▶ _DATA SECTION_
▼
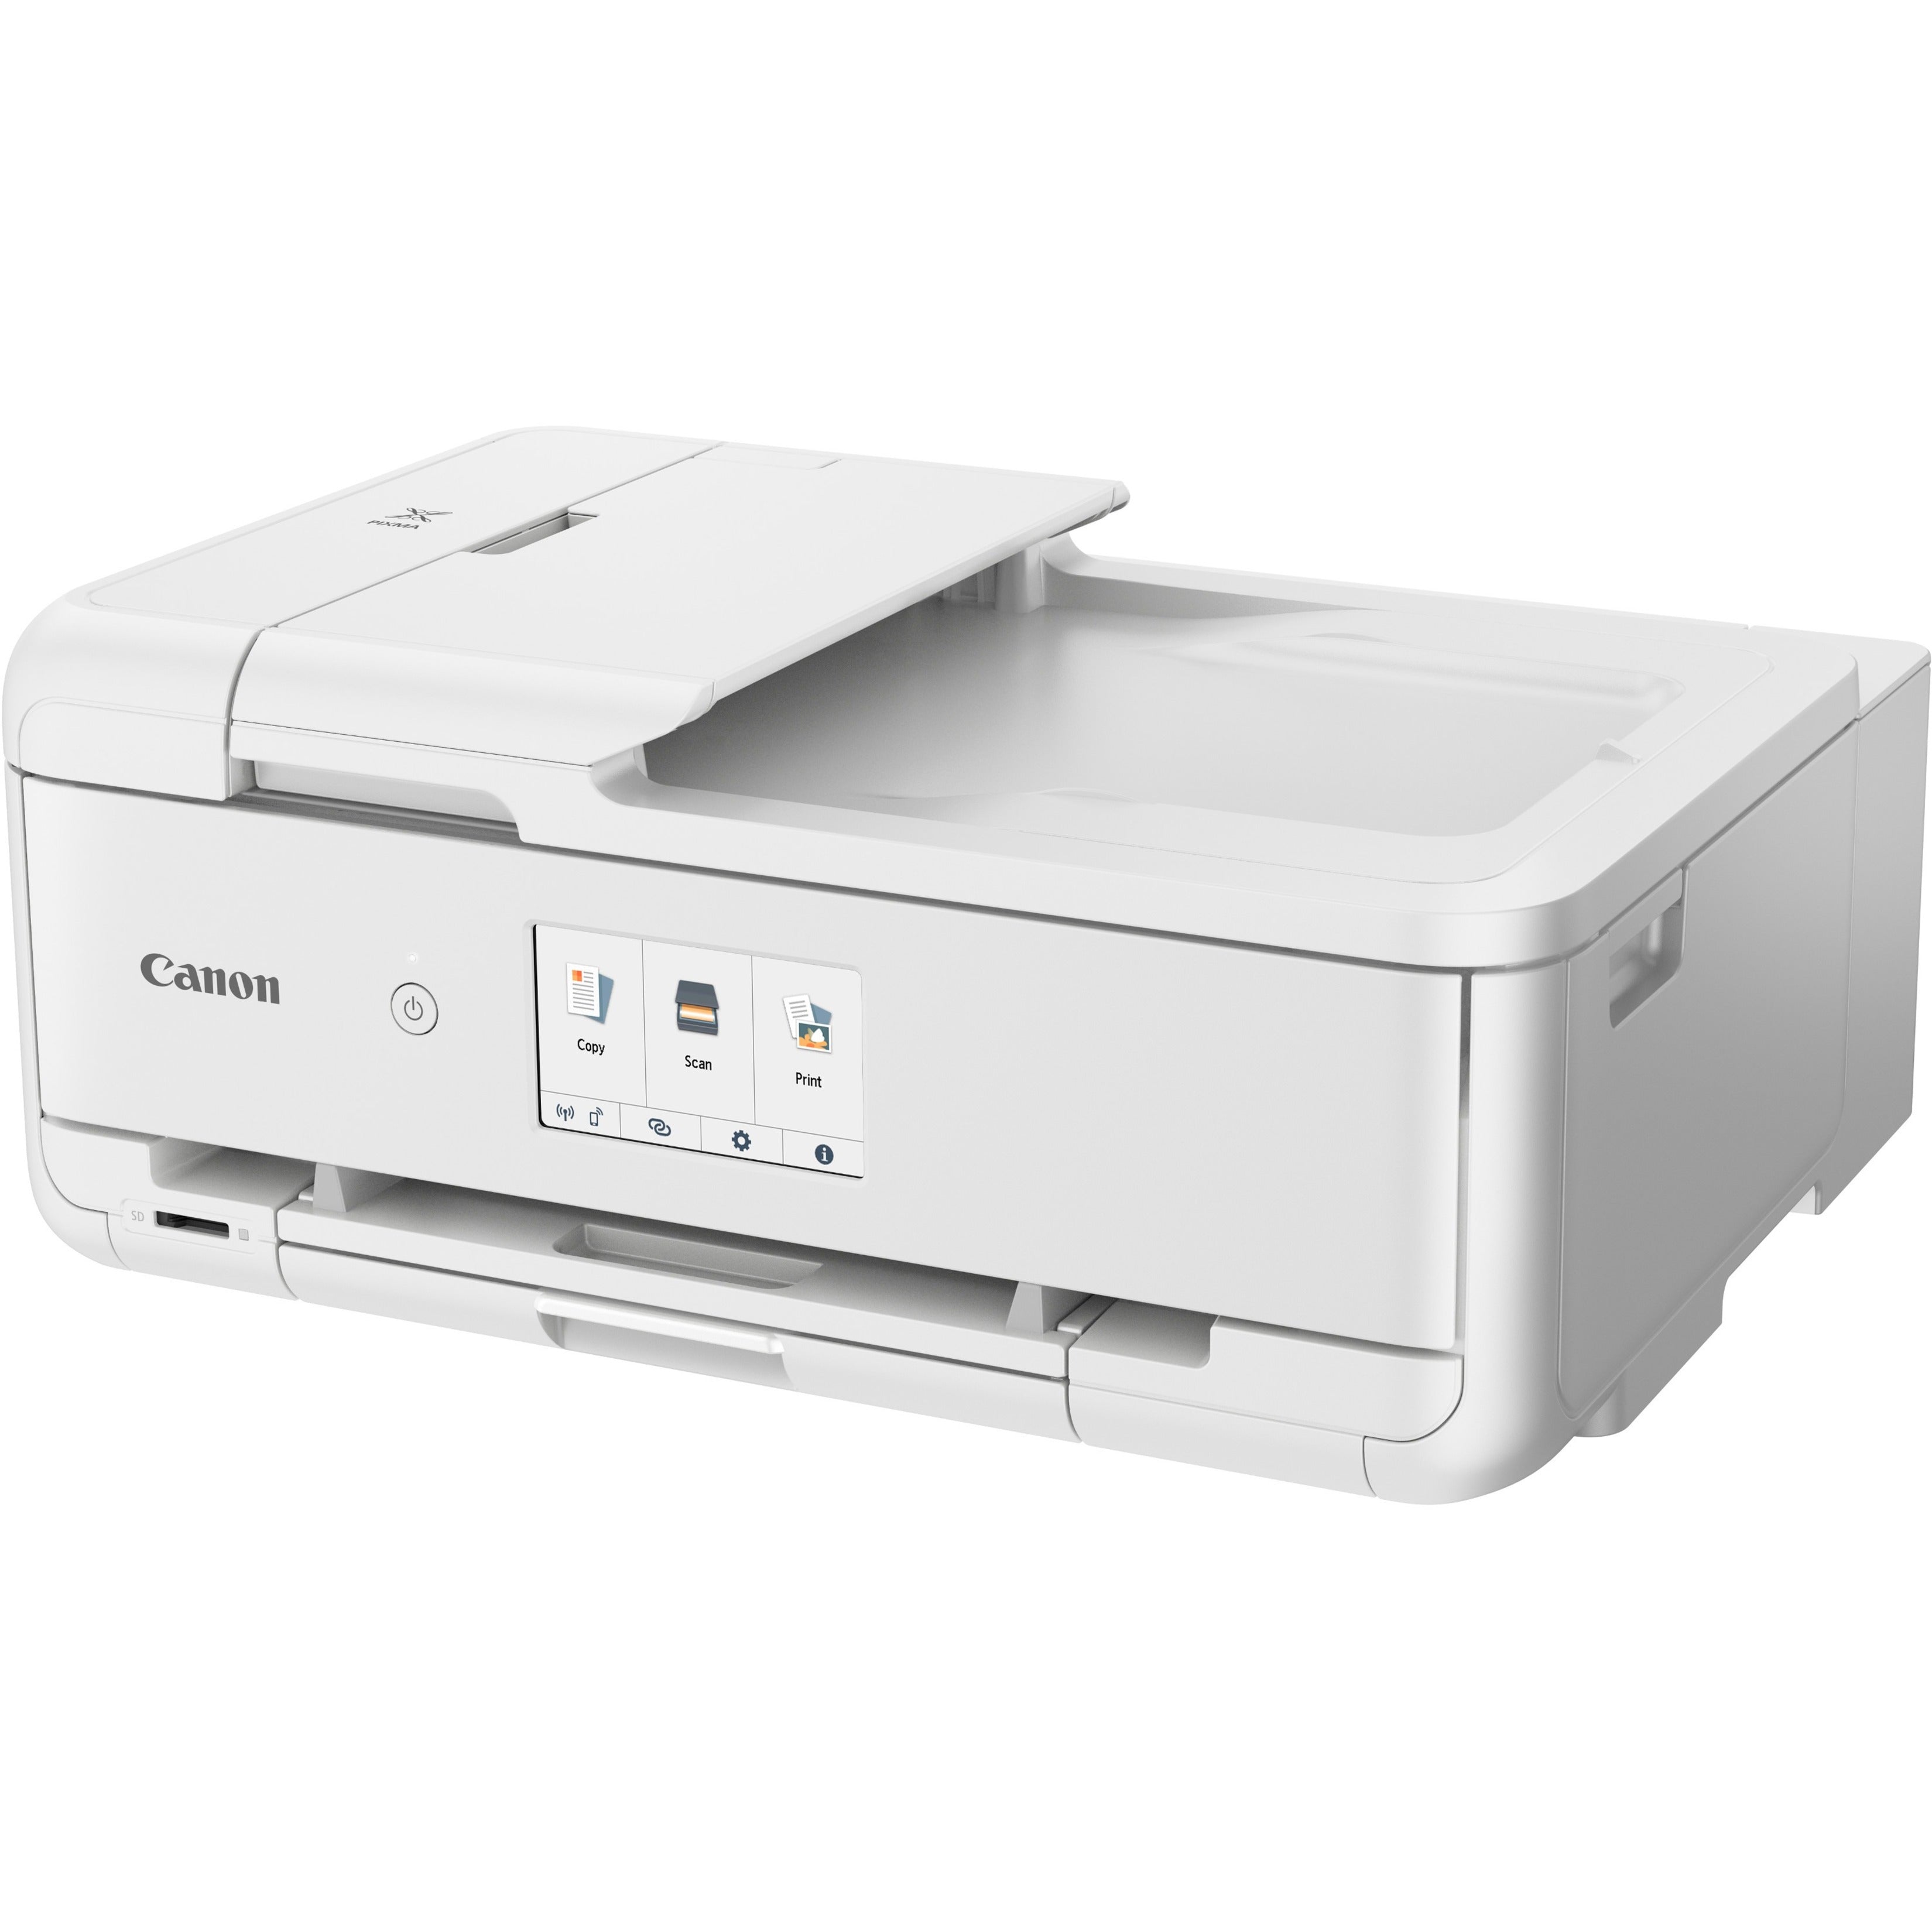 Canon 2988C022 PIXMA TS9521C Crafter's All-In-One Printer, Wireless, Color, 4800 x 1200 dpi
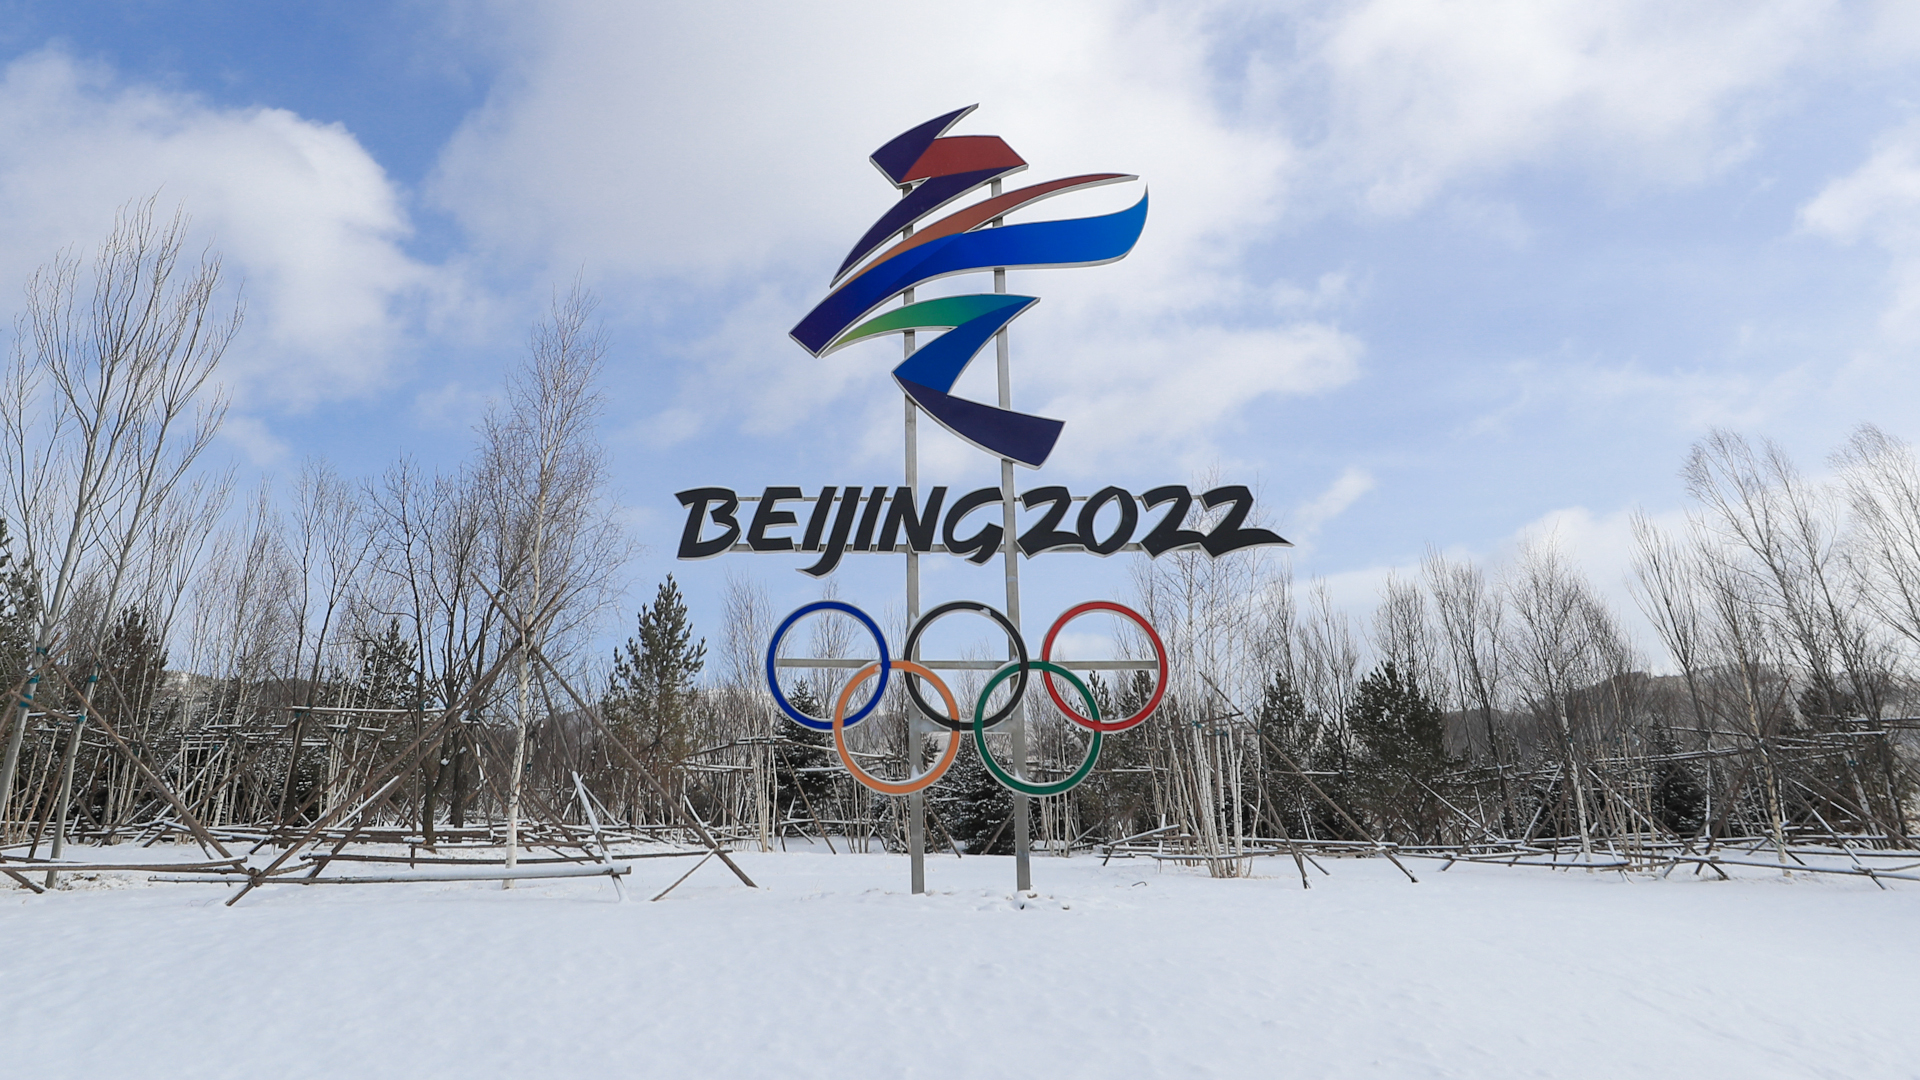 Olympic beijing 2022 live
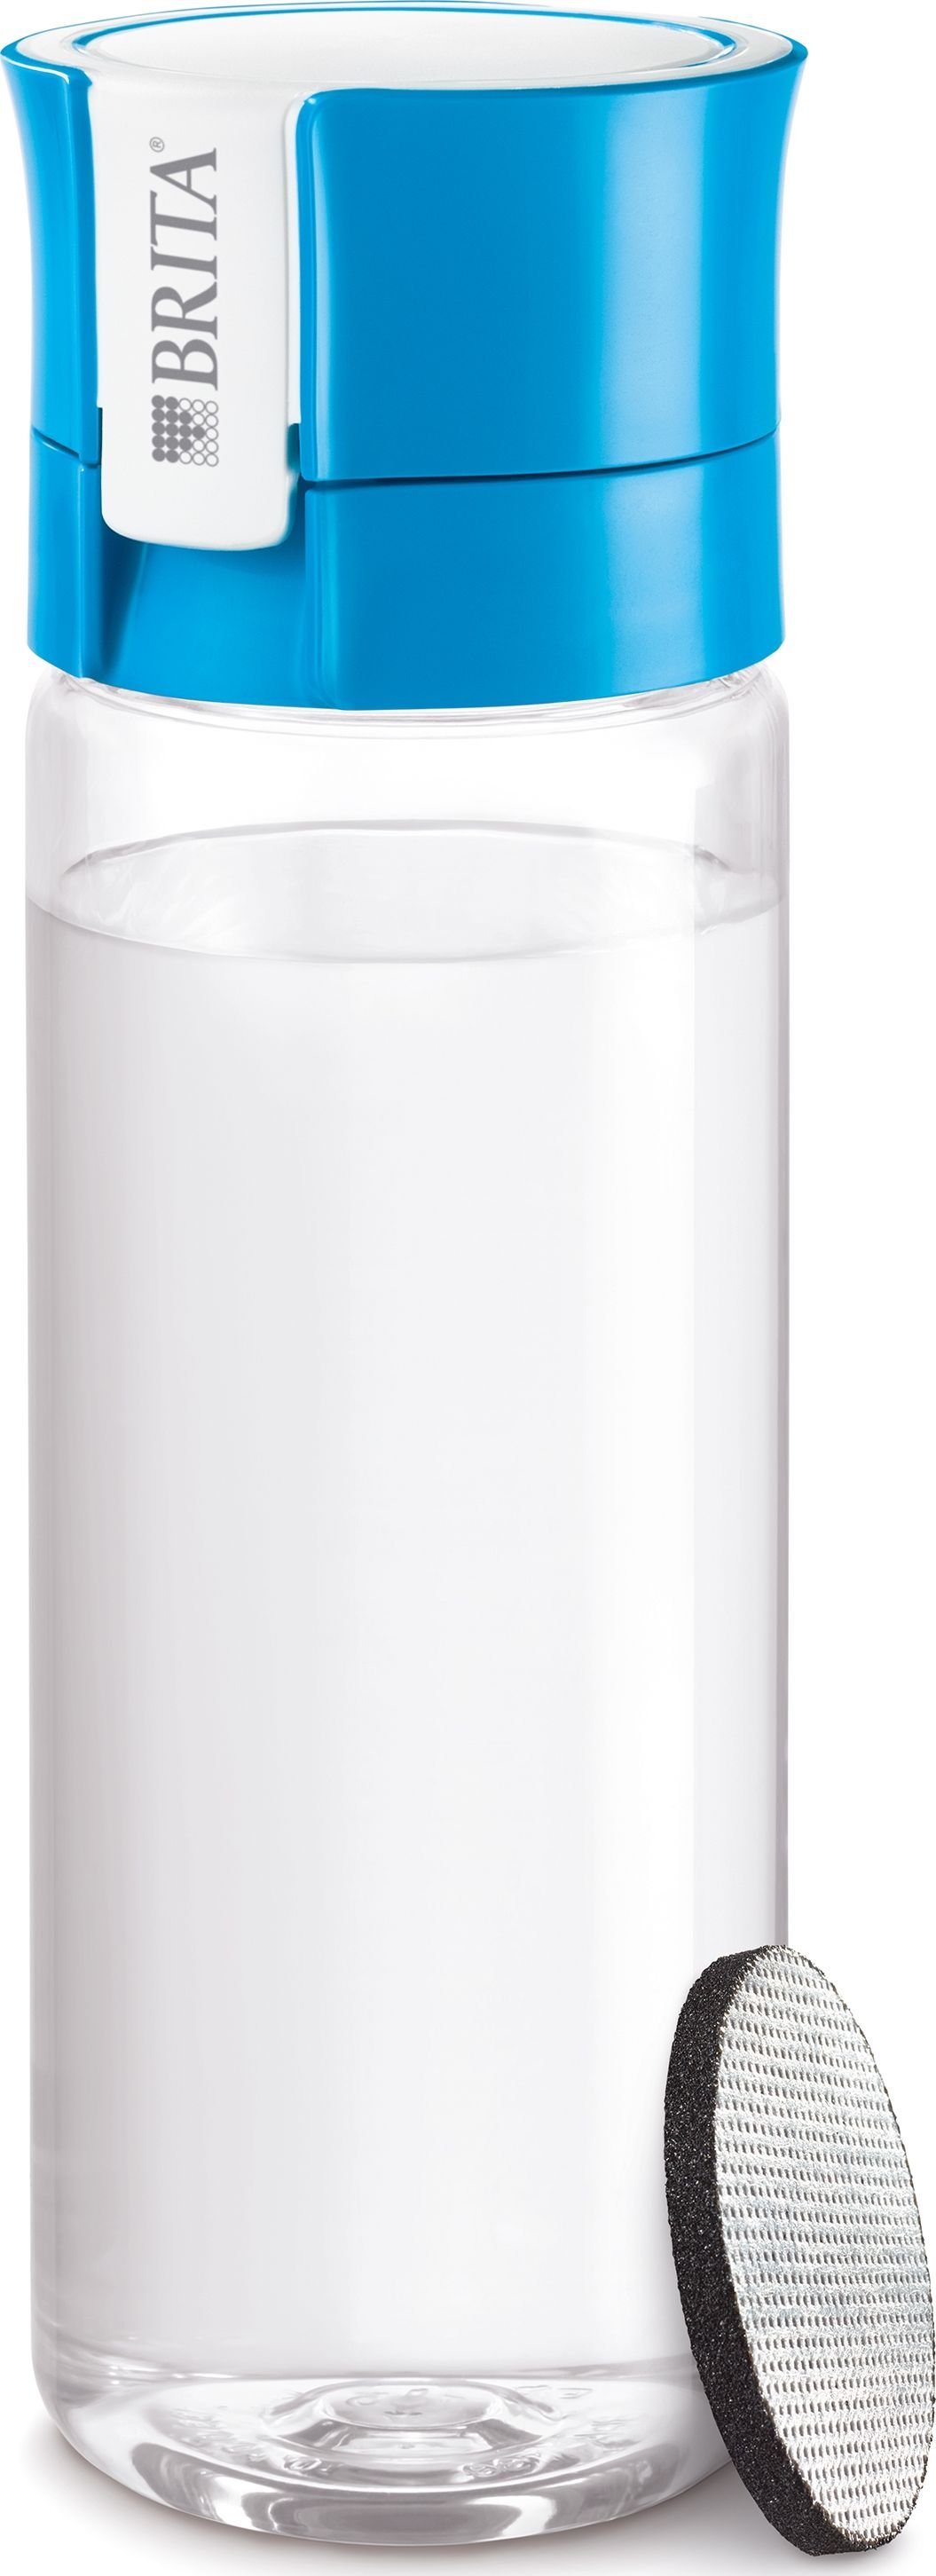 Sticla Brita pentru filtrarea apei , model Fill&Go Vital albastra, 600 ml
▲
▶ _WHAT THIS TASK INVOLVES_
Return the material as it stands. Leave out the pictures.

▶ _RESPONSE TO THIS EXERCISE_
 Canon 2988C022 PIXMA TS9521C Crafter's All-In-One Printer, Wireless, Color, 4800 x 1200 dpi
 Olympic beijing 2022 live
 Sticla Brita pentru filtrarea apei , model Fill&Go Vital albastra, 600 ml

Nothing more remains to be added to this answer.